> [Task instructions]:
Starting from the line that holds "AERIN Morton Table", output exactly each line through the end of the listing. Do not copy pictures.

> [Given data]:
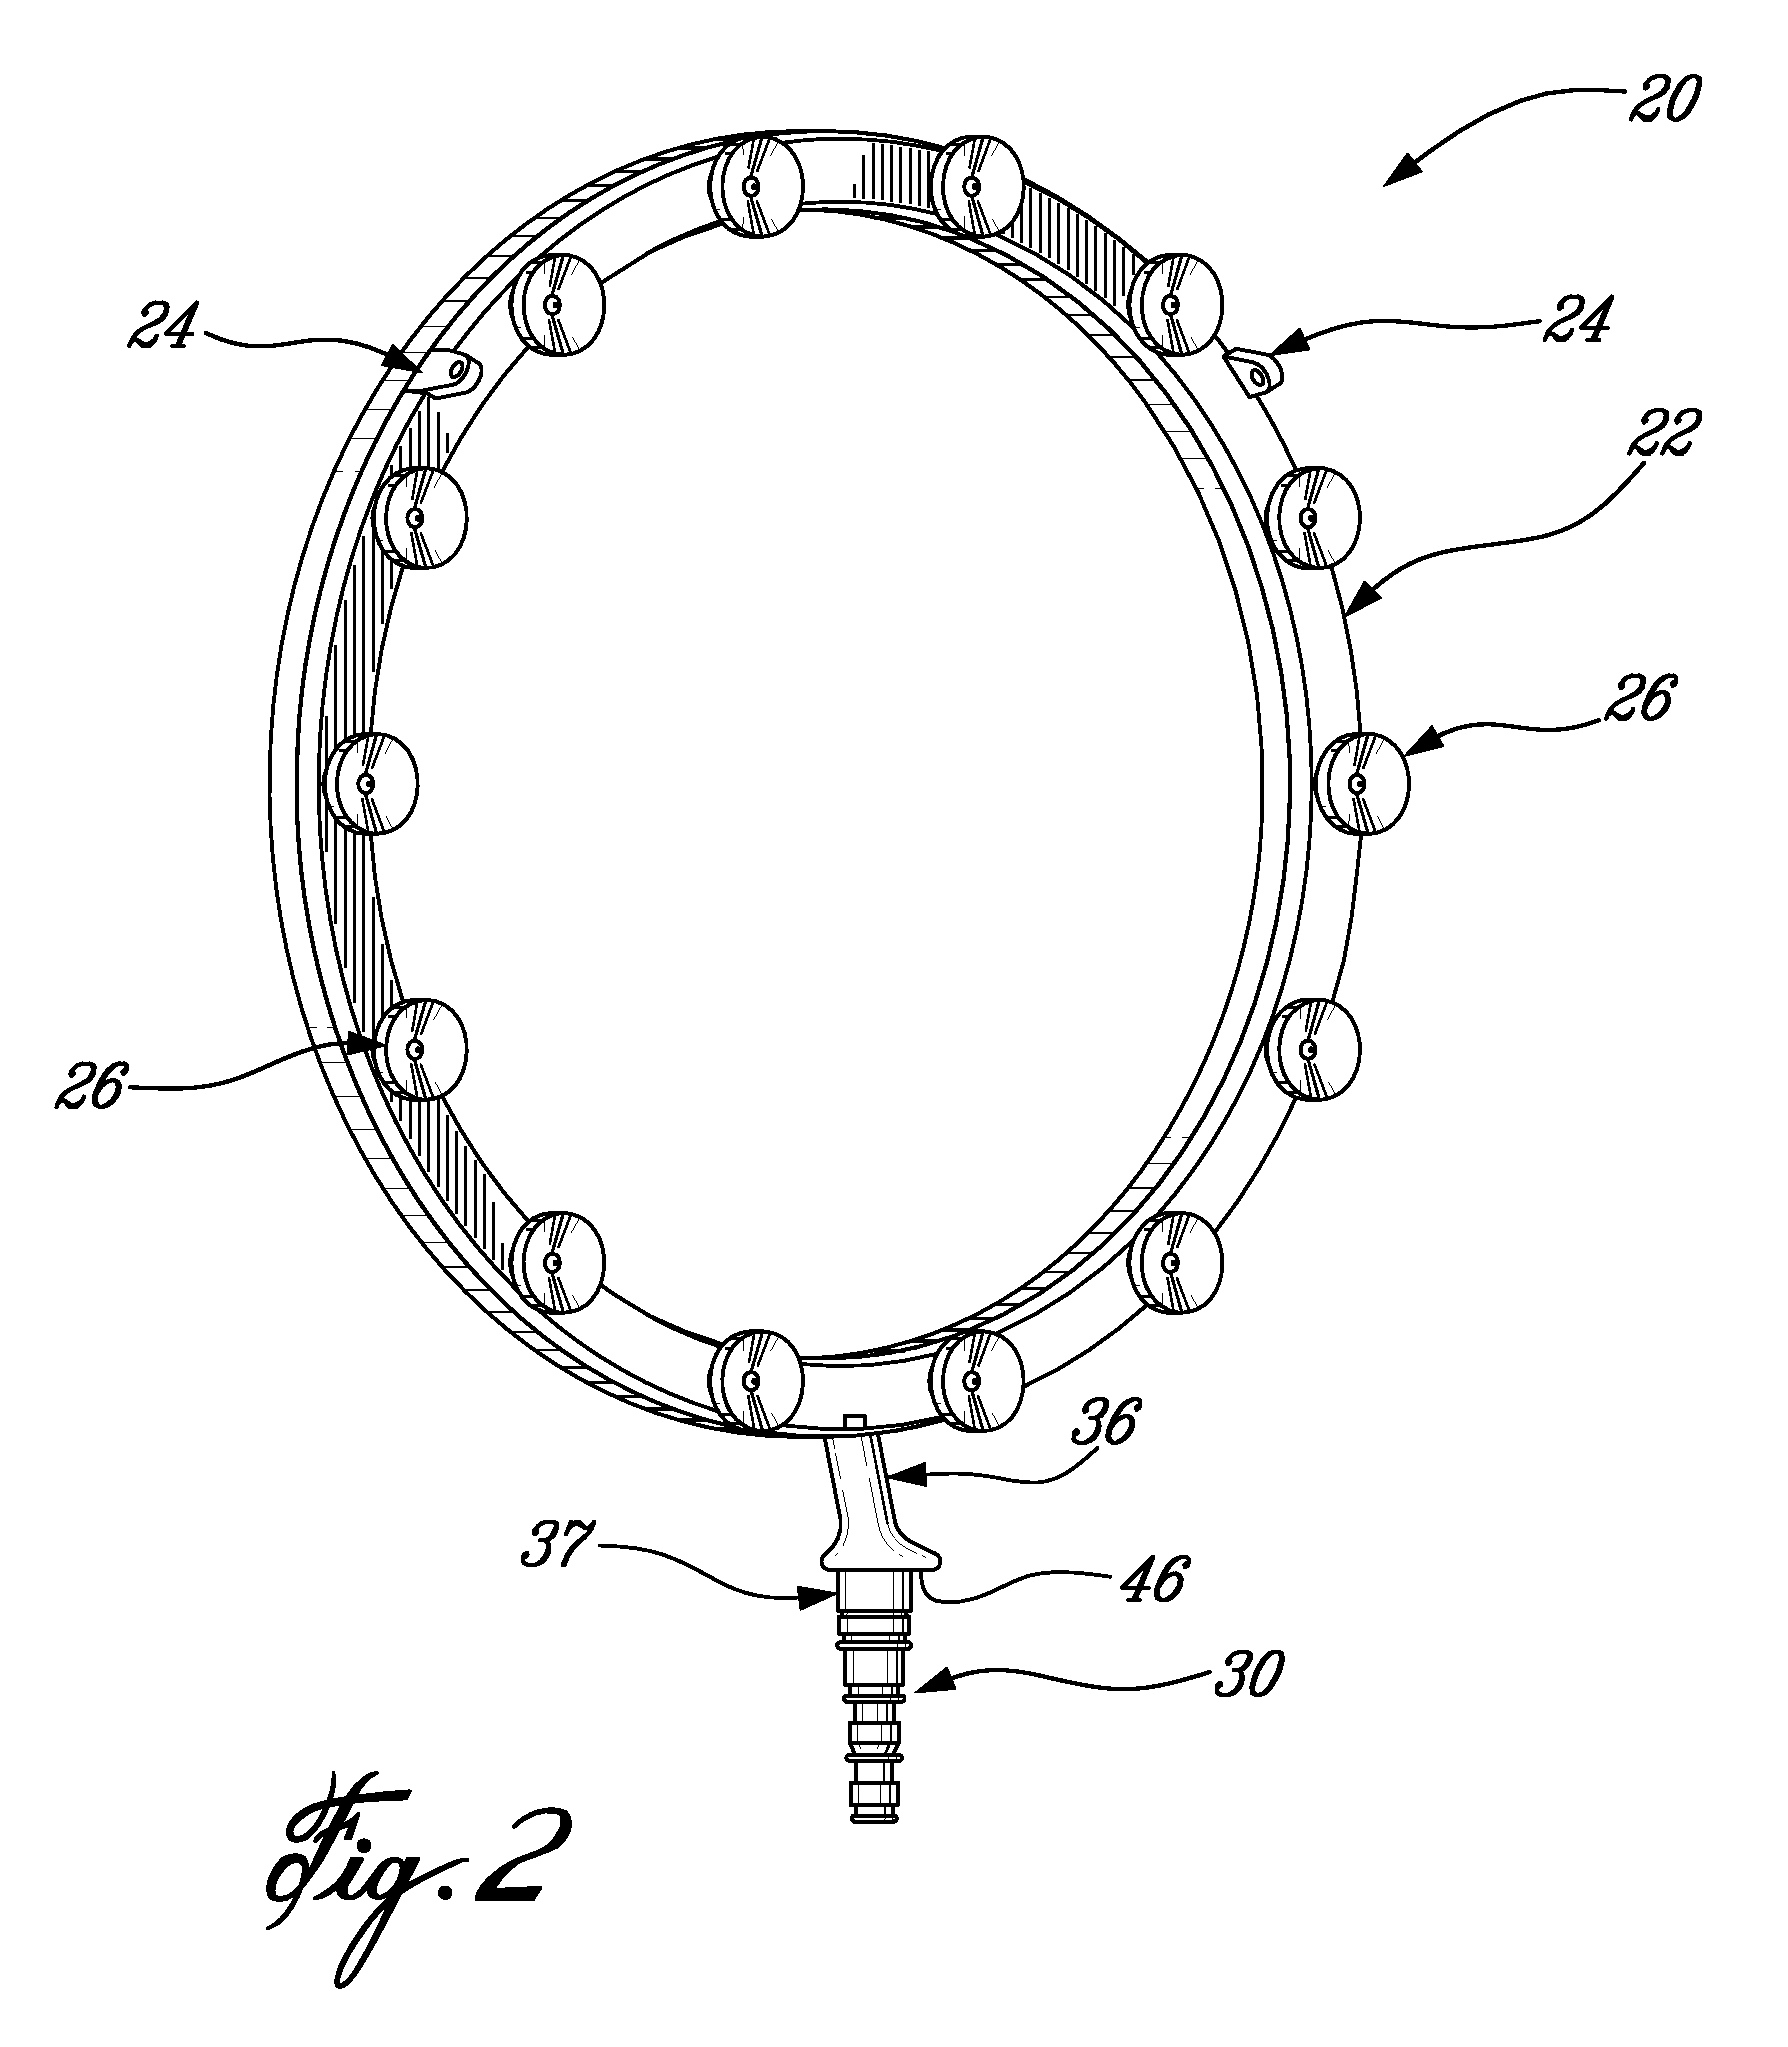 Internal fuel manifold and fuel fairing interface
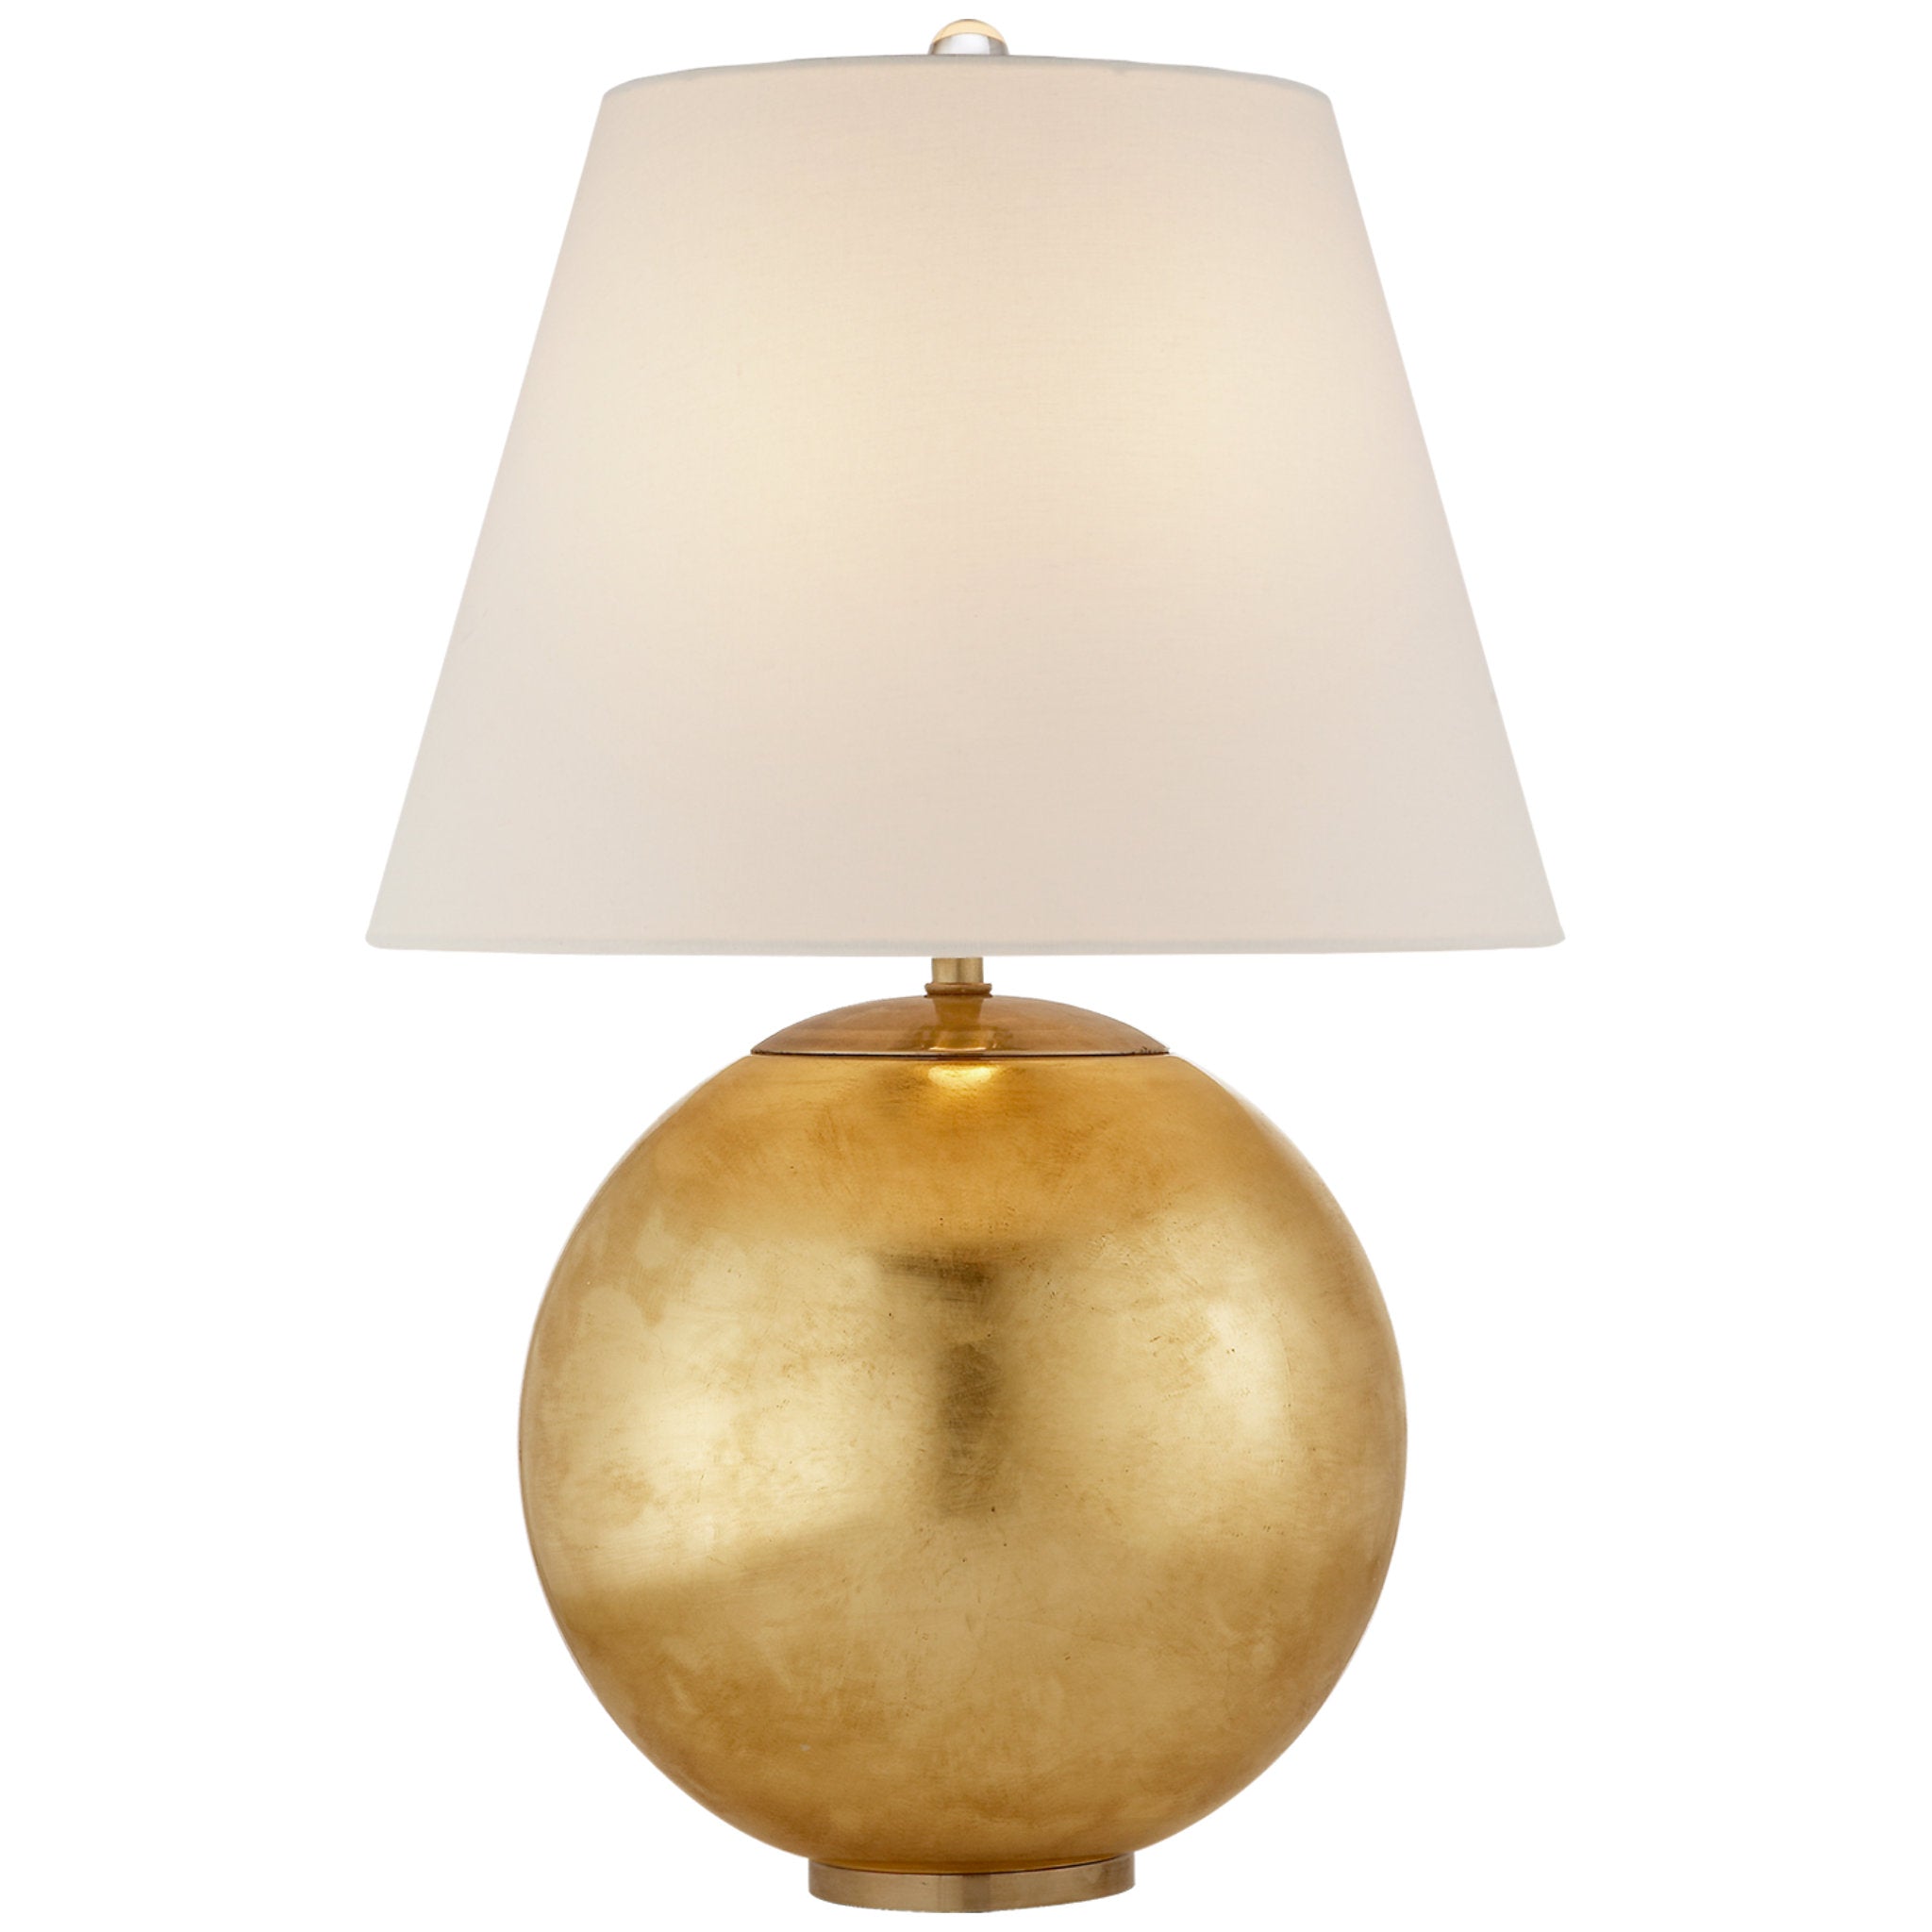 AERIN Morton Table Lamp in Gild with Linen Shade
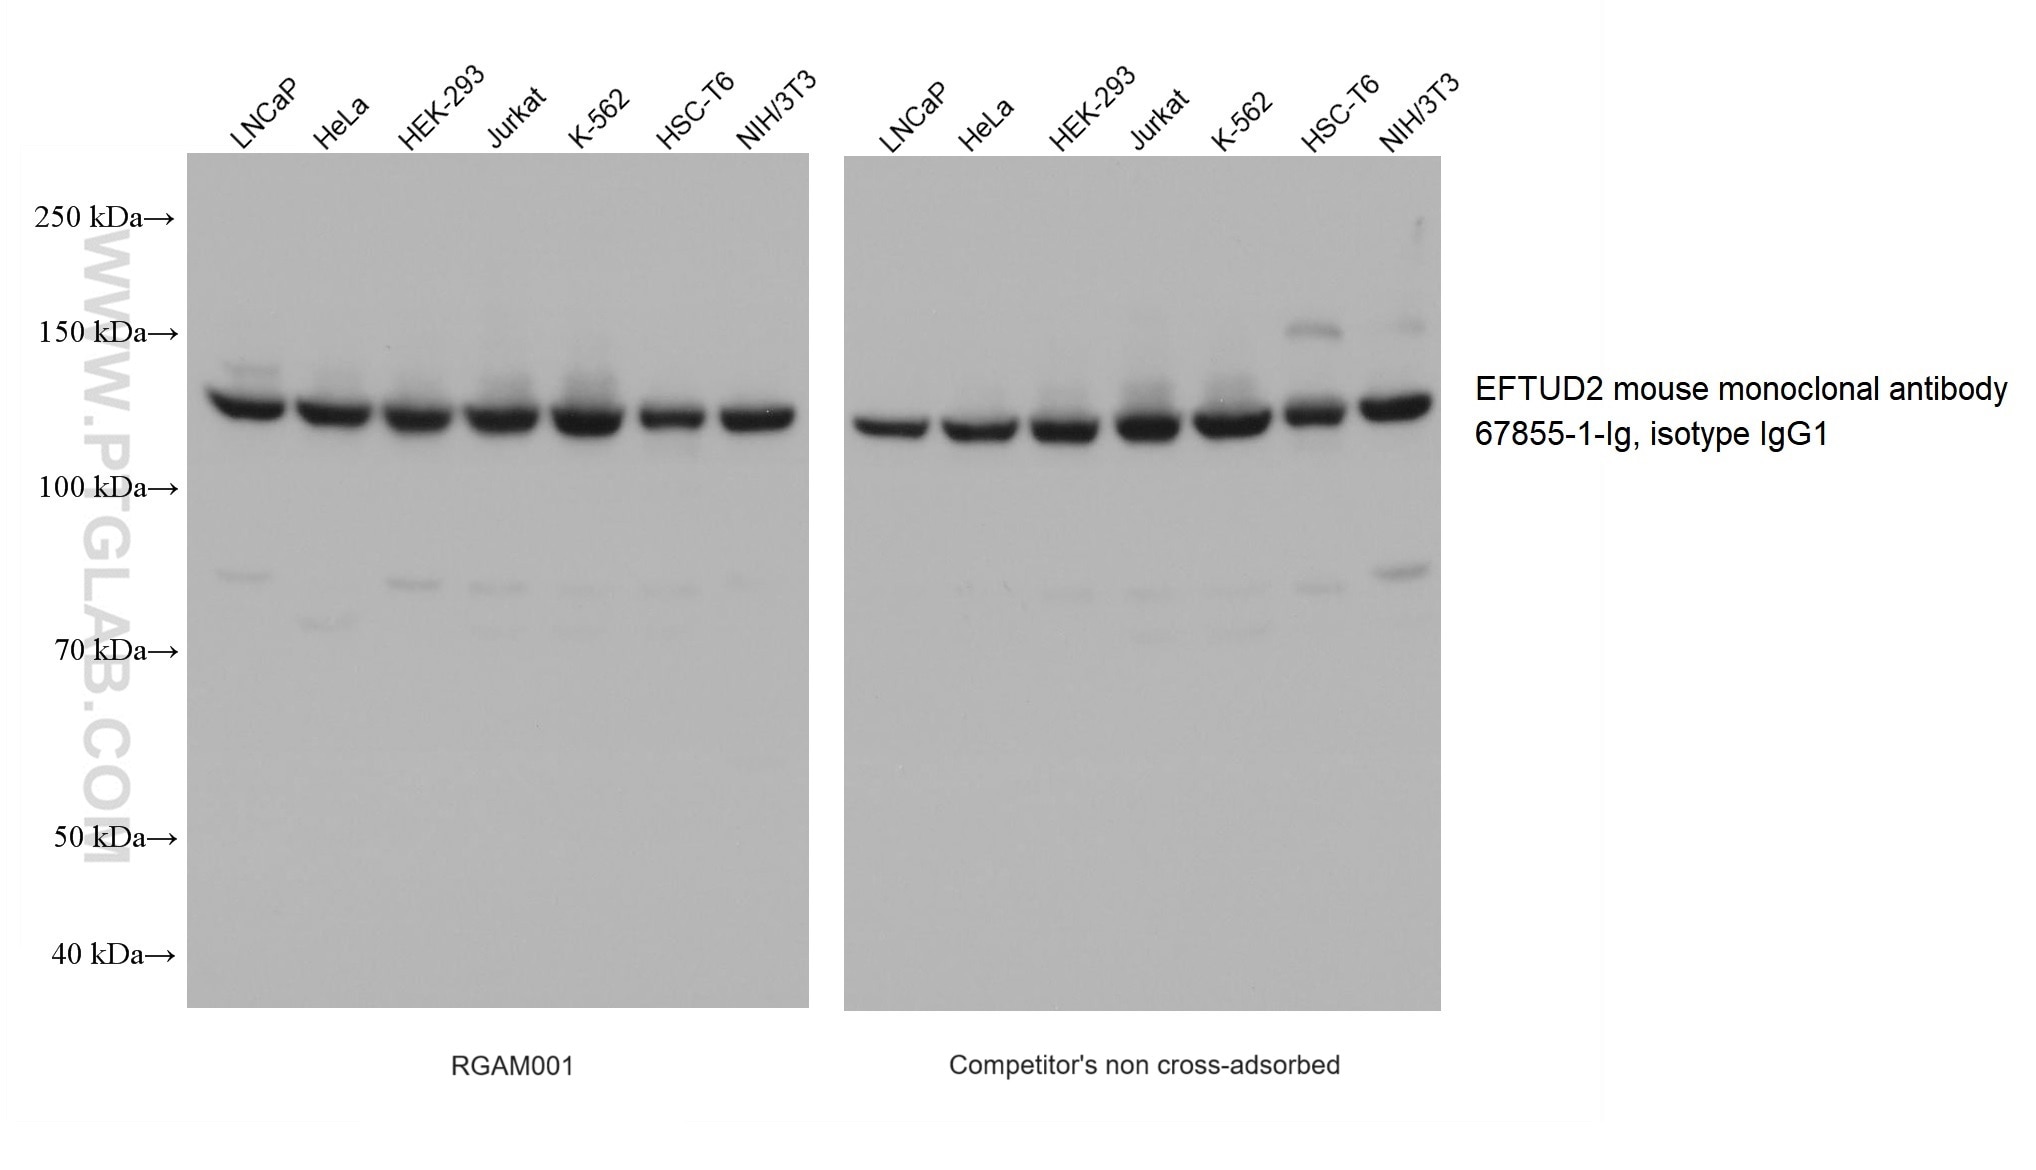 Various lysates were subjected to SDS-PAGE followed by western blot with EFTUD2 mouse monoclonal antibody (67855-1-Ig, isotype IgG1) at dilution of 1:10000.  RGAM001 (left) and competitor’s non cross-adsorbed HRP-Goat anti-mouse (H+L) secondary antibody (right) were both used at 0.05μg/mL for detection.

> [Answer space]:
 AERIN Morton Table Lamp in Gild with Linen Shade
 Various lysates were subjected to SDS-PAGE followed by western blot with EFTUD2 mouse monoclonal antibody (67855-1-Ig, isotype IgG1) at dilution of 1:10000.  RGAM001 (left) and competitor’s non cross-adsorbed HRP-Goat anti-mouse (H+L) secondary antibody (right) were both used at 0.05μg/mL for detection.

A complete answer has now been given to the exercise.